Application Security Engineer

We are seeking a remote, full-time Senior Application Security Engineer with 5+ years of experience to help strengthen the security posture of the software platforms. This role will be responsible for reviewing application code, identifying security vulnerabilities, and working closely with development teams to ensure secure coding practices are followed throughout the software development lifecycle.

The ideal candidate will have strong experience in application penetration testing, fraud detection and analysis, and secure software development practices. This individual will play a key role in proactively identifying risks in PHP, Python, and Angular applications, while also educating development teams on secure coding standards and best practices.

Our client provides integrated software and marketing solutions for the hospitality industry, specializing in short-term rental management.

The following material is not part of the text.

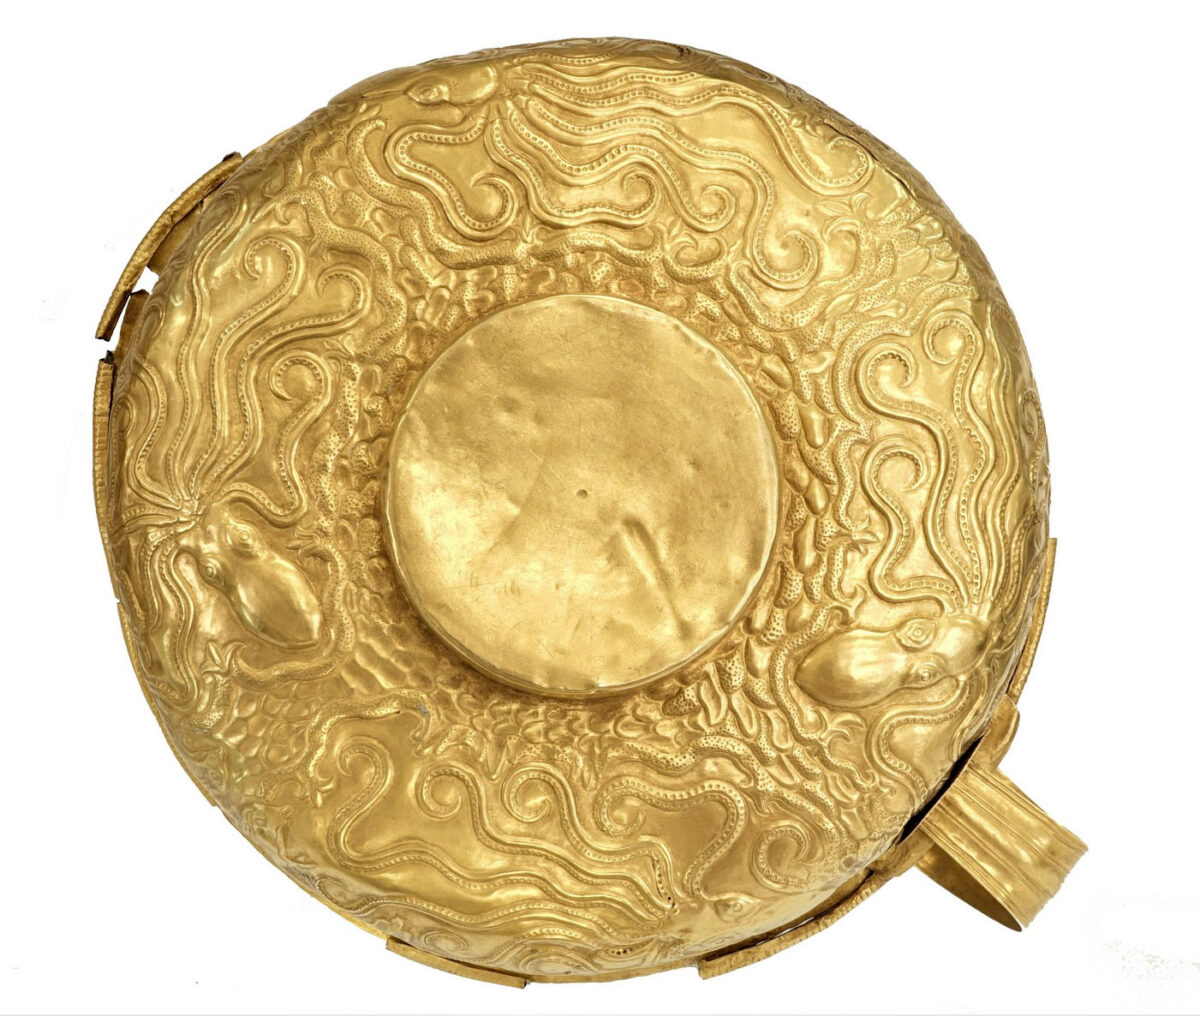 Χρυσό αβαθές κύπελλο με ανάγλυφη διακόσμηση που αποδίδει θαλασσινό τοπίο, από τη Μιδέα (Δενδρά) Αργολίδας. 1500–1300 π.Χ. ΕΑΜ, Π 7341. © Εθνικό Αρχαιολογικό Μουσείο/© Μ. Κοντάκη.

Their platform provides vacation rental companies with an enterprise-class property management system integrating booking, guest communications, and financial reporting systems - all built with partner organization integrations in mind.

Responsibilities:

• Conduct regular security assessments, code reviews, and penetration testing to identify vulnerabilities in applications and software, including manual and automated code reviews for applications written in PHP, Python, and Angular
• Analyze applications for common vulnerabilities such as those identified in the OWASP Top 10, including risks related to authentication, authorization, data validation, and session management
• Conduct application penetration testing and vulnerability assessments on web applications and APIs, simulating real-world attack scenarios to uncover security weaknesses and documenting findings with recommended mitigation strategies
• Conduct threat modeling and risk assessments to proactively identify potential risks and develop mitigation strategies
• Track, analyze, and manage vulnerabilities in applications while providing guidance and support for remediation efforts
• Analyze application behavior and transaction patterns to detect potential fraud or abuse scenarios and identify vulnerabilities that could enable account takeover, payment fraud, or data manipulation
• Partner with engineering and product teams to design controls that reduce fraud risk.
• Work closely with development teams to ensure security best practices are integrated throughout the software development lifecycle (SDLC), including developing secure coding guidelines, delivering secure coding training, and providing guidance during design and architecture reviews
• Design, develop, and implement security tools, frameworks, and methodologies to protect applications against security threats, including integrating and maintaining security testing tools such as SAST, DAST, and dependency scanning within CI/CD pipelines
• Assist in investigating, analyzing, and responding to security incidents related to applications, ensuring timely resolution and documentation of incidents
• Track vulnerabilities and remediation progress through internal ticketing systems while collaborating with engineering, DevOps, and product teams to improve the overall application security posture and assist in developing internal security policies and procedures

Required Experience:

• Excellent English communication skills
• 5+ years of experience in application security, penetration testing, or secure software development
• Strong understanding of web application security principles and the OWASP Top 10
• Experience reviewing code in PHP, Python, and modern JavaScript frameworks such as Angular
• Experience performing application penetration testing and vulnerability assessments
• Knowledge of authentication, authorization, encryption, and secure session management
• Experience identifying and mitigating fraud or abuse patterns in applications
• Familiarity with common security testing tools (e.g., Burp Suite, OWASP ZAP, Snyk, SonarQube, etc.)
• Strong communication skills and the ability to explain security issues to non-security engineers

Desired Experience:

• University degree or relevant industry experience
• Experience integrating security testing into CI/CD pipelines
• Familiarity with cloud security principles
• Experience with secure architecture reviews
• Relevant certifications such as OSCP, CEH, GWAPT, or CSSLP
• Experience working in agile development environments

Additional Information:

• Knowing your ideas are heard and matter, think big!
• You get to own your job and be recognized for your contributions
• Work with smart and creative people
• Making mistakes is human. Let's learn from them. Be transparent!
• We recognize you as an individual, with no presumptions or judgment. Be the extraordinary you!
• 15 days Paid Time Off (PTO), 1 floating day, 3 sick days, and designated national holidays
• Start: ASAP

About Velozient:

We are a privately held, nearshore software development company providing outsourced development resources to North American companies. Our mission is to offer development talent that enjoy taking on challenging work, want to grow their skills and experiences building software, and excel in a fast-paced, dynamic team environment. We are focused on providing world-class remote resources to work as valued client team members. If this type of opportunity excites you, then consider joining our team!